I Wish You All the Best(16)
“Yeah.” I’m not really, but I figure it’ll be better to go ahead and get this over with.
“Had a good day so far?”
Hannah’s got her car pulled up in front of the building. It’s unseasonably warm outside today, but it’s the first day I haven’t needed three layers, so I don’t plan on complaining. “So far.”
Hannah spent the last two nights showing me reviews from past patients of Dr. Taylor, assuring me she is one of the best in town, which really only made me more nervous to talk to her. I wonder how much Hannah’s told her exactly, if anything at all.
I’ve been mentally preparing myself to come out all over again, but I’ve been doing that for a while now. That was one of the things I realized early. If you’re queer, your life has the potential to become one long coming-out moment. If I ever want to be called the right pronouns, I’ll have to correct people and put myself out there first and who knows what could happen.
“Are you nervous?”
“To have someone poke around my brain for an afternoon?” I buckle my seat belt. “I’m thrilled.”
Hannah shoots me this look, that sort of brows-pointed-down “you need to chill out” look. “Okay, sassy britches. I just think it will help, and it’s a short meeting. Only forty-five minutes.”
“Hmmm.” Forty-five minutes too long if you ask me.
“I haven’t told her anything.” Hannah’s car rolls to a stop. “About you being nonbinary. I didn’t know what you’d be okay with.”
“But she knows Mom and Dad kicked me out?”
“Couldn’t avoid that detail. Sorry, sib.” She glances around to check for the traffic before she pulls out onto the road.
“It’s whatever.” I sigh and rest my head on the cool window, not knowing whether to feel relieved or angry that she shared that with a stranger.
The doctor’s office is a part of this long row of complexes, the ones that look like an apartment building but are really just filled with offices. In this one alone, there’s a place where you can get your teeth cleaned and get a few X-rays done if you want, all while checking to see if you’re pregnant. I glare at the way they all seem to tower over Hannah’s car.
I really want to ask Hannah if we can reschedule or something. I’ll even go back to school if I have to. Just anything to not be here. Do I really need to see this woman? Can I air out all my problems to a complete and total stranger? My eyes fly from the ground back to the buildings, my stomach clenching. There’s nothing for me to let out, but I can feel the bile rising.
“Her office is on the third floor.” Hannah locks the doors of the car and stuffs her keys into her bag.
I make it as far as the entrance, reading the board of names for the offices. There’s an entire block worth of counselors, their titles, their office numbers. I try my best to focus in on Dr. Taylor’s name, but it’s like my eyesight goes blurry for a split second. I close my eyes and pinch my brow, trying to calm myself.
My hands get that same clammy feeling they did in the Walgreens that night. It’s this sudden feeling like I’ve been punched in the gut, like I can’t catch my breath.
“Hannah?”
“What’s wrong?”
“I don’t know if I can do this.”
“Hey, hey, hey. It’s okay.” Hannah closes the space between us, grabbing my hand, and it takes everything in me not to pull it back. “It’s all right. Listen. It’s going to be okay. Dr. Taylor is going to help you, all right?”

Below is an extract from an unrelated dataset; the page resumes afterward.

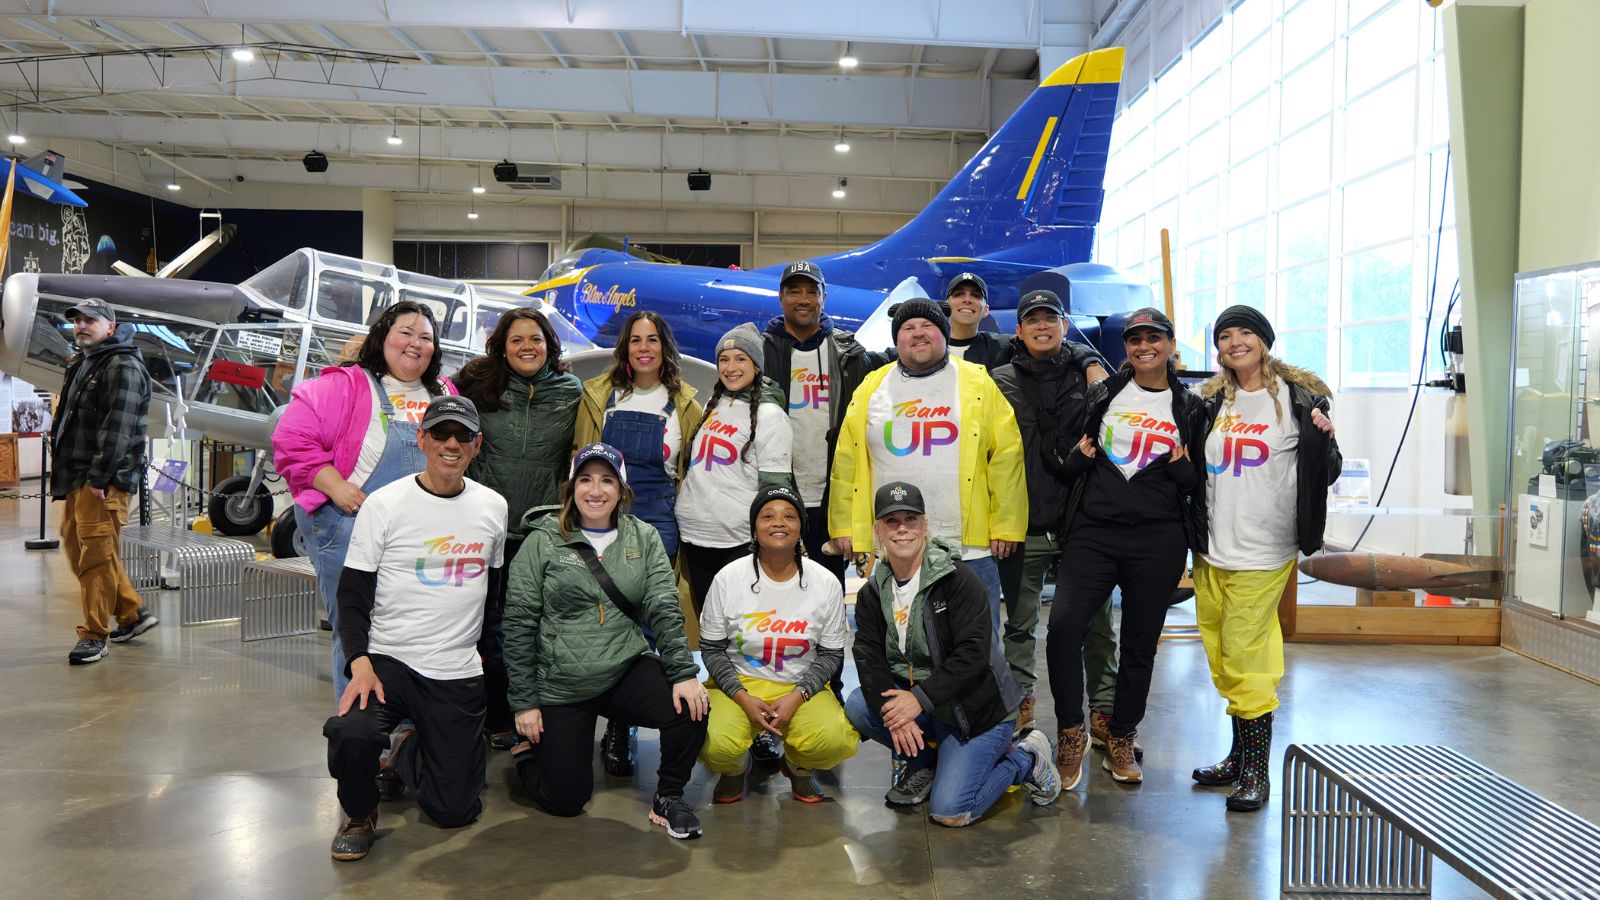 Team UP Soars into Spring Service at the Aerospace Museum of California

“What is she going to do?” I try not to breathe too deep. I feel like I should be crying, but there are no tears, just this pocket of air in my lungs that I can’t get out.
“She’s just going to talk to you about what you’re feeling, what you’re going through.”
“What am I supposed to tell her?”
“You tell her whatever you want, but it’ll help her to know at least what you identify as. That’s the first step.” I try to nod, but I still feel like I’m going to be sick. This was exactly how it felt before I told my parents.
I can’t do this again, can I? I can’t come out all over again, not here, not right now.
“I don’t know if I can do that.”
“Okay.” Hannah sighs, brushing the hair from her face. “Try this. You told me once already. Just keep telling me. That should be easy, right?”
“What?”
“Just keep repeating it back to me. It’s like that thing where words lose their meaning after a while.”
“Do you really think that’ll help?” I ask. I mean, I guess it makes sense. In theory, at least.
“If you get used to saying it, it’ll get easier. I think that’s how this works?”
I take a deep breath and force the words out slowly. “I’m nonbinary.”
“Again.”
“I’m nonbinary.”
“Come on, keep doing it.”
“I’m nonbinary. I’m nonbinary. I’m nonbinary.” It’s silly, standing in the middle of a lobby, repeating back the same words over and over again. But it does feel easier with each time I say it, despite the heavy feeling in my stomach. “I’m nonbinary. I’m nonbinary.”